In a Senate Finance Committee hearing last month, Cantwell asked Kennedy about the delays caused by PA in the WISeR program. He pledged to work with Congress on it and said a delay in patient care was unacceptable.

HHS requires 5% prior authorization across Medicare and Medicaid. However, some procedures may not be helpful or necessary for patients, but are lucrative for doctors, and HHS was “being ripped off” by Medicare fraud, Kennedy said.

AI is “supposed to allow us to detect fraud early” in health care, Kennedy said. “There’s probably kinks in the system. I will work with you to try to straighten that out.”

Kennedy conceded that the PA process also should have a human supervisor who checks the circumstances when prior authorization is denied.

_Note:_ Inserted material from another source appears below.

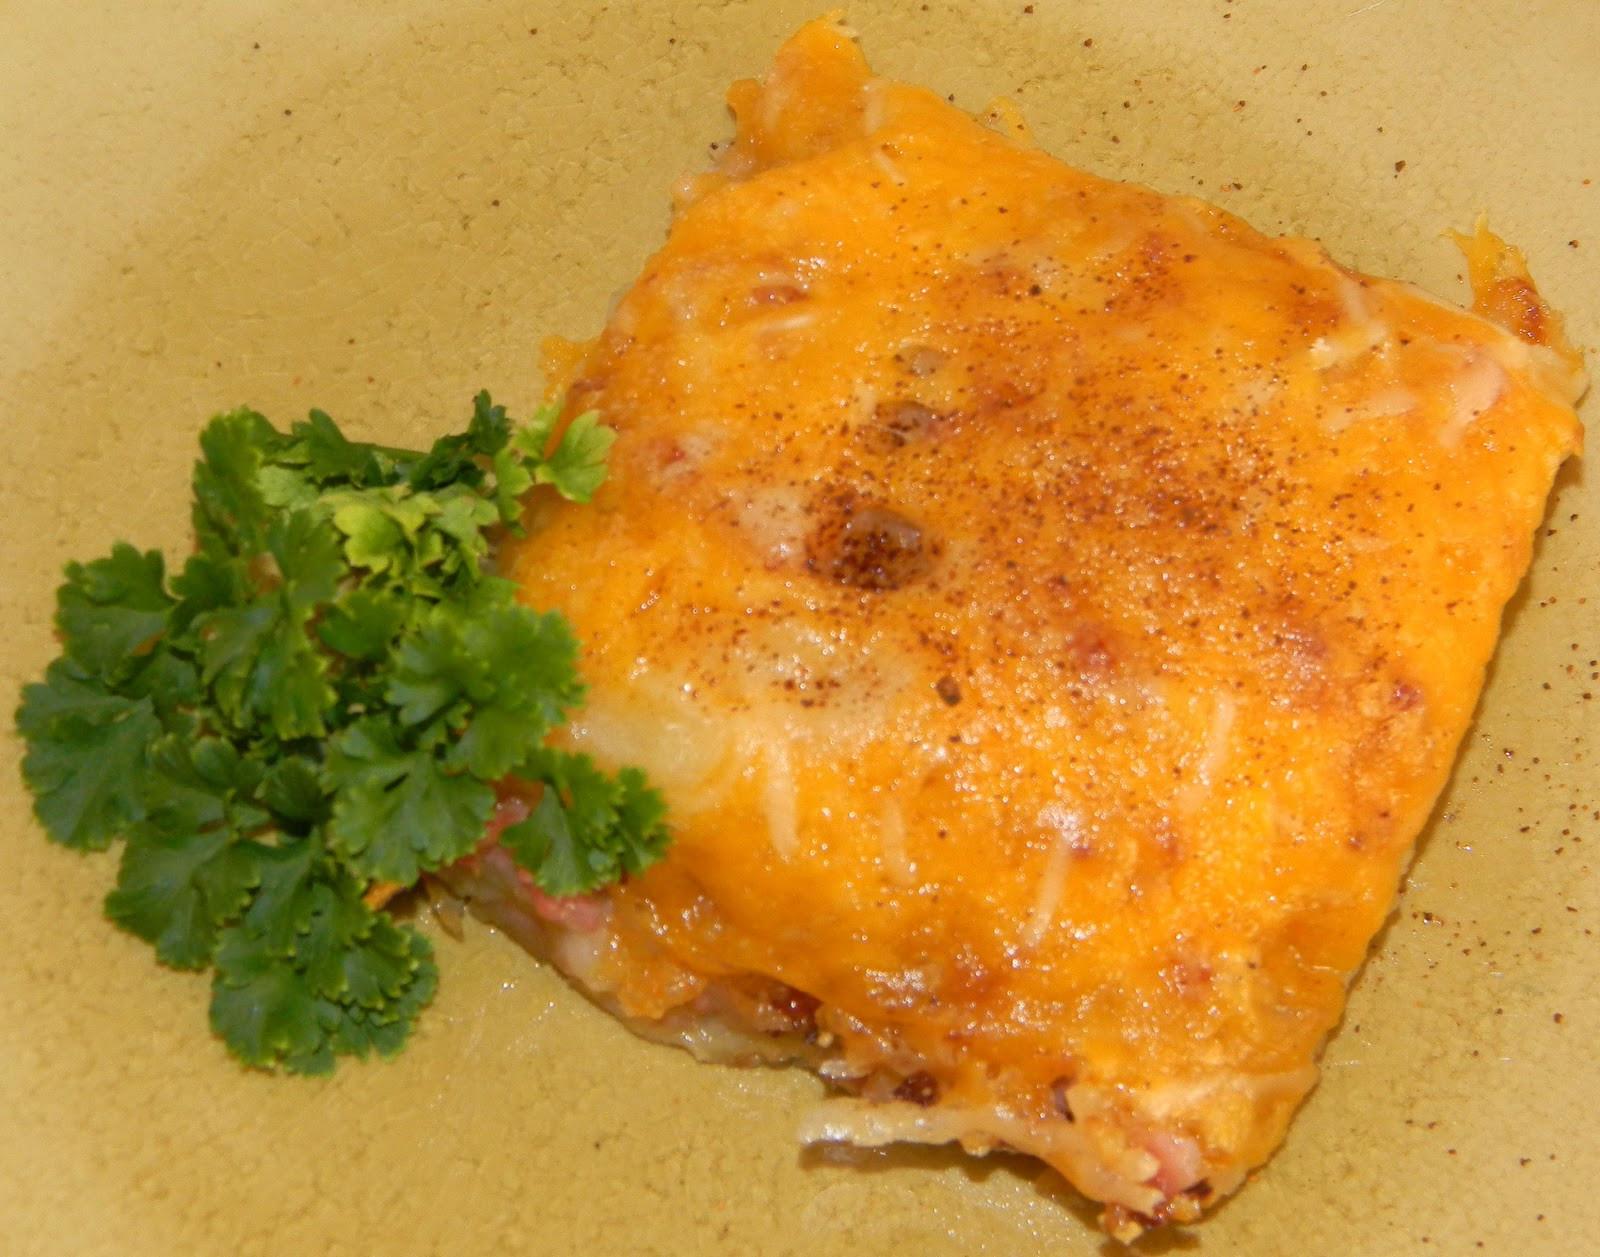 Shredded Potato Casserole  4 U Gluten Free Ham and Shredded Potato Casserole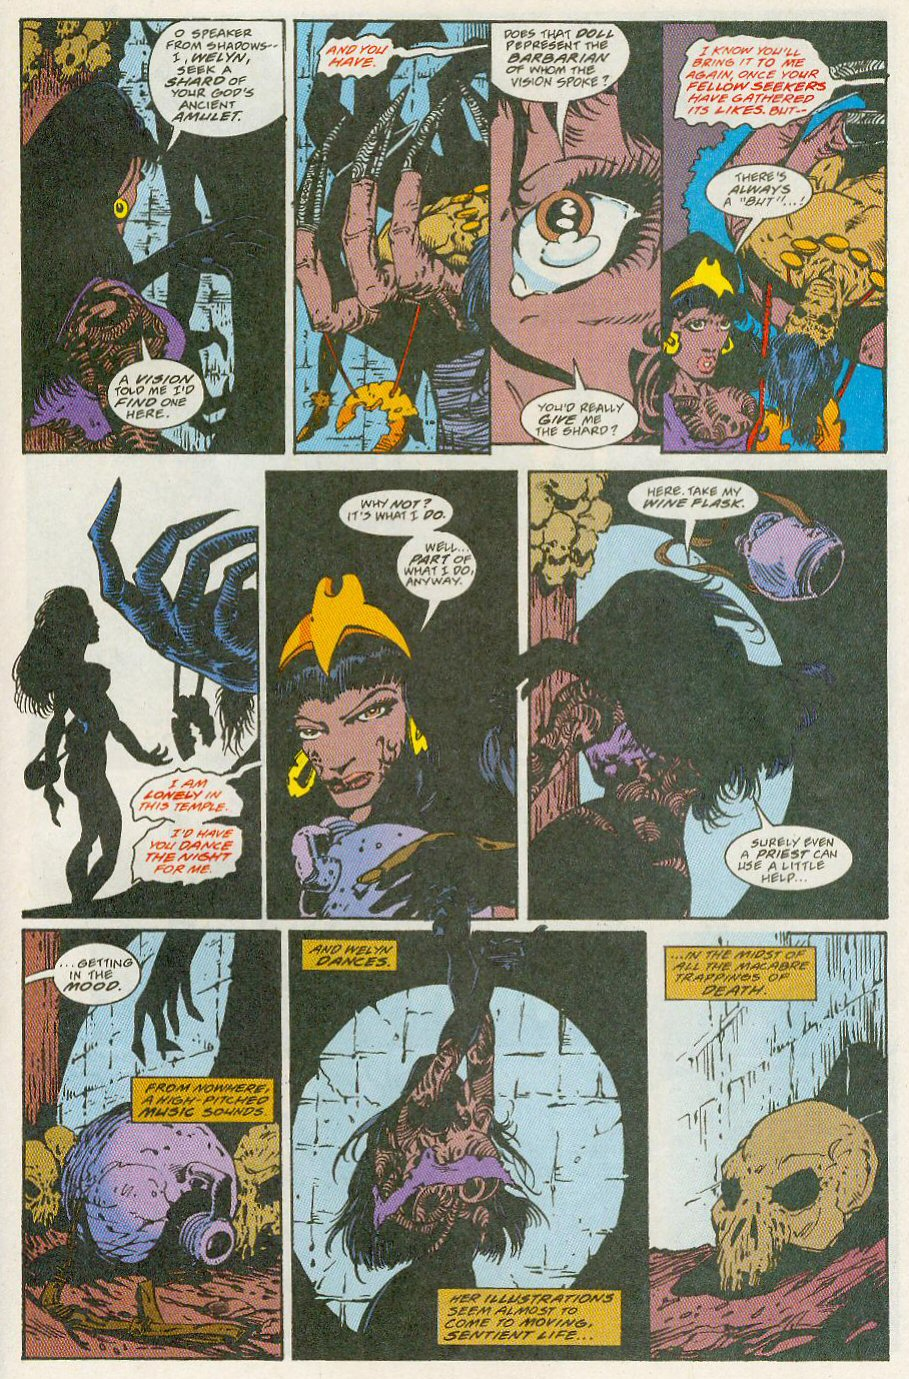 Read online Conan the Adventurer comic -  Issue #13 - 23

What needs improvement now

If WISeR’s prior authorizations must continue, Cantwell wrote a letter to Kennedy demanding commitments to a streamlined procedure as follows:

  • Require contractors administering WISeR to respond to standard claims within 72 hours and urgent claims within 24 hours.
  • Require that any denial issued through WISeR include a written explanation authored by a human reviewer, not artificial intelligence.
  • Prohibit contractors administering WISeR from assigning appeals to individual billing staff, rather than the responsible provider or facility.
  • Improve transparency by publicly reporting the number of denials issued through WISeR and the financial gains realized by contractors administering the program.
  • Prohibit contractors administering WISeR from denying care when a patient’s medical team has documented that reasonable alternatives have been considered and ruled out.
  • Before expanding the WISeR program, provide Congress with a written analysis of the results of the pilot program.

Cutting through red tape

Along with Landsman from Ohio, DelBene has criticized the human cost to beneficiaries in Washington. They were joined in a statement by Rep. Frank Pallone (D-New Jersey).

“WISeR is a dangerous program that is denying care to Medicare patients so companies can profit,” DelBene said. “This program implements the same flawed prior authorization scheme from Medicare Advantage into traditional Medicare. If scaled up, it would be a back door to privatizing Medicare. It is causing needless delays, worsening conditions, and costing us more in the long run. Congress needs to step up and put an end to WISeR.”

Pallone praised the efforts to cut through “an enormous red tape barrier” now blocking access to care for potentially millions of people. “We should be making it easier for Seniors on Medicare to get the care they need, not harder,” he said.